He stumbled over a
fallen chair, got up and plowed forward again, still with that dead
weight in his arms; collapsed again, and yet once more pulled himself to
his feet by the sheer strength of the dogged will in him.
So, at last, like a drunken man, he reeled into safety, the very hair
and clothes of the man on fire from the inferno he had just left.
A score of eager hands were ready to relieve him of his burden, to
support his lurching footsteps. Two of them were the strong brown hands
of the woman he loved more than any other on earth, the woman who had
galloped into sight just in time to see him come staggering from that
furnace with the body of the man who was his hated rival.
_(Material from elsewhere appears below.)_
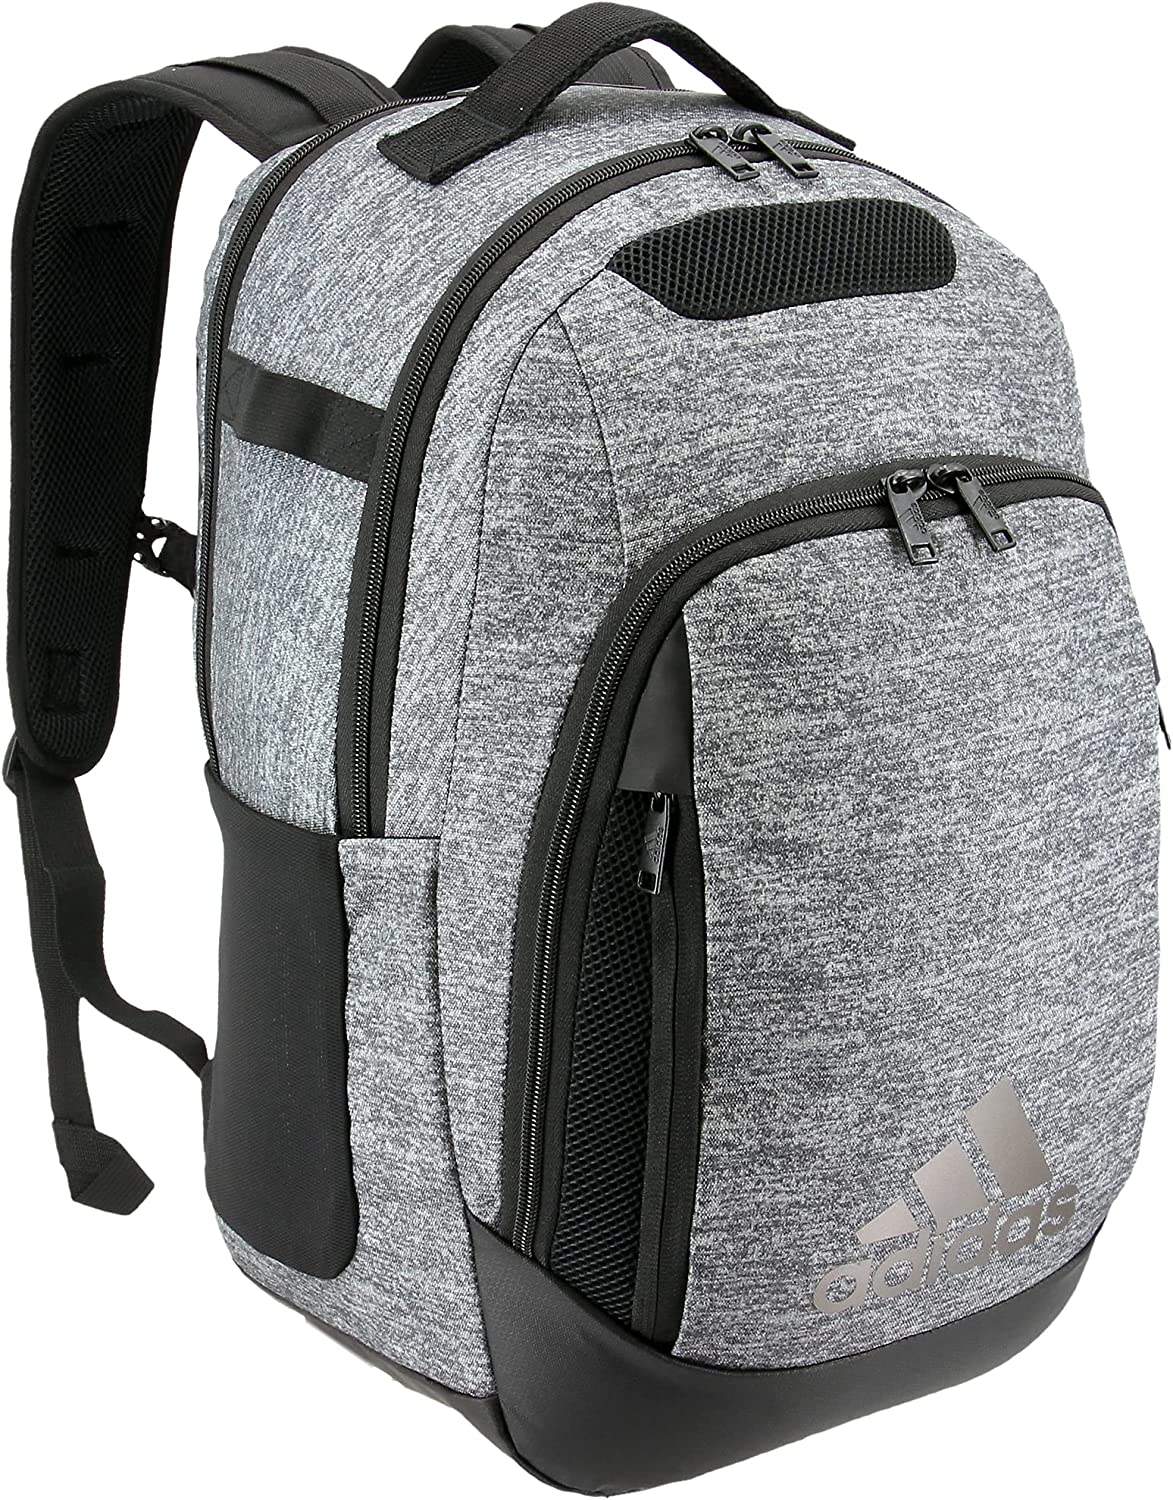 Adidas 5 Star Backpack (Team Jersey Onix Grey)
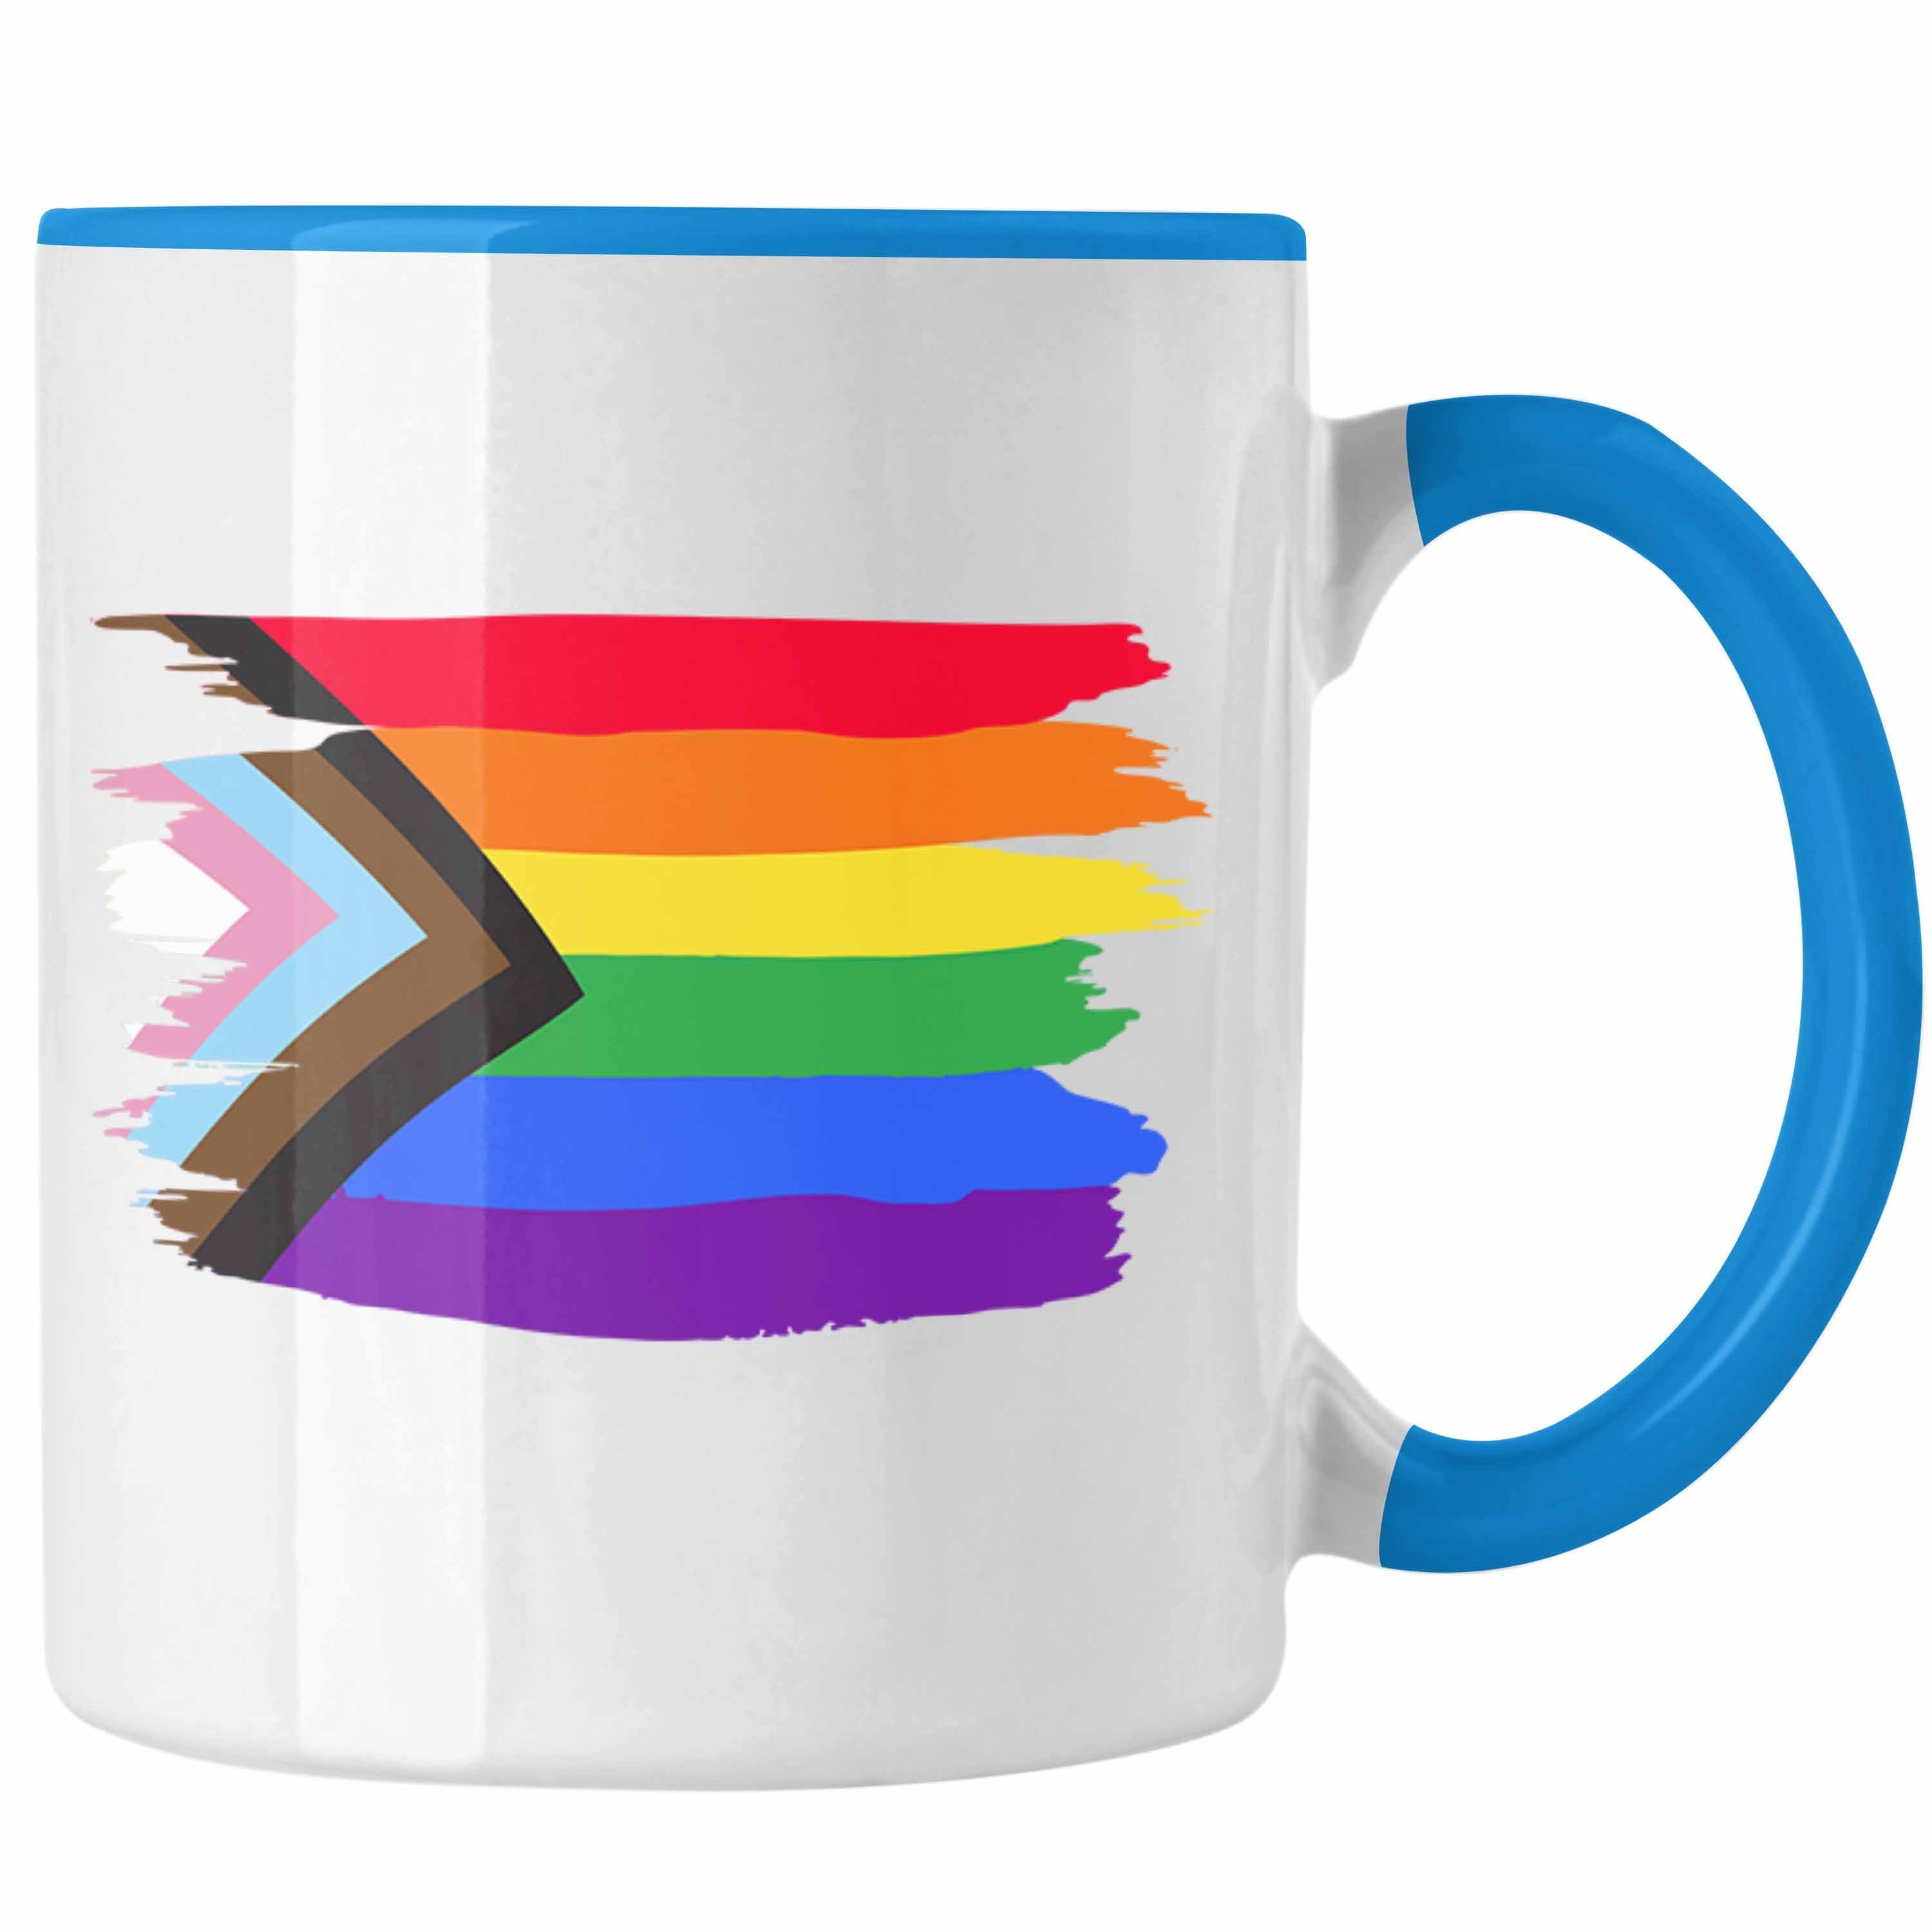 Trendation Tasse Flagge Lesben Transgender - Pride Grafik Geschenk Tasse LGBT Regenbogen Blau Schwule Trendation

It was her
soft hands that smothered the fire in his hair, that dragged the burning
coat from his back.
He smiled wanly, murmured "Valencia," and fainted in her arms.
Gordon clutched in his stiffened fingers a tin box blistered by the
heat.
CHAPTER XXIII
THE TIN BOX
Dick Gordon lay on a bed in a sunny south room at the Corbett place.
He was swathed in bandages, and had something the appearance of a relic
of the Fourth of July, as our comic weeklies depict Young America the
day after that glorious occasion. But, except for one thing which he had
on his mind, the Coloradoan was as imperturbably gay as ever.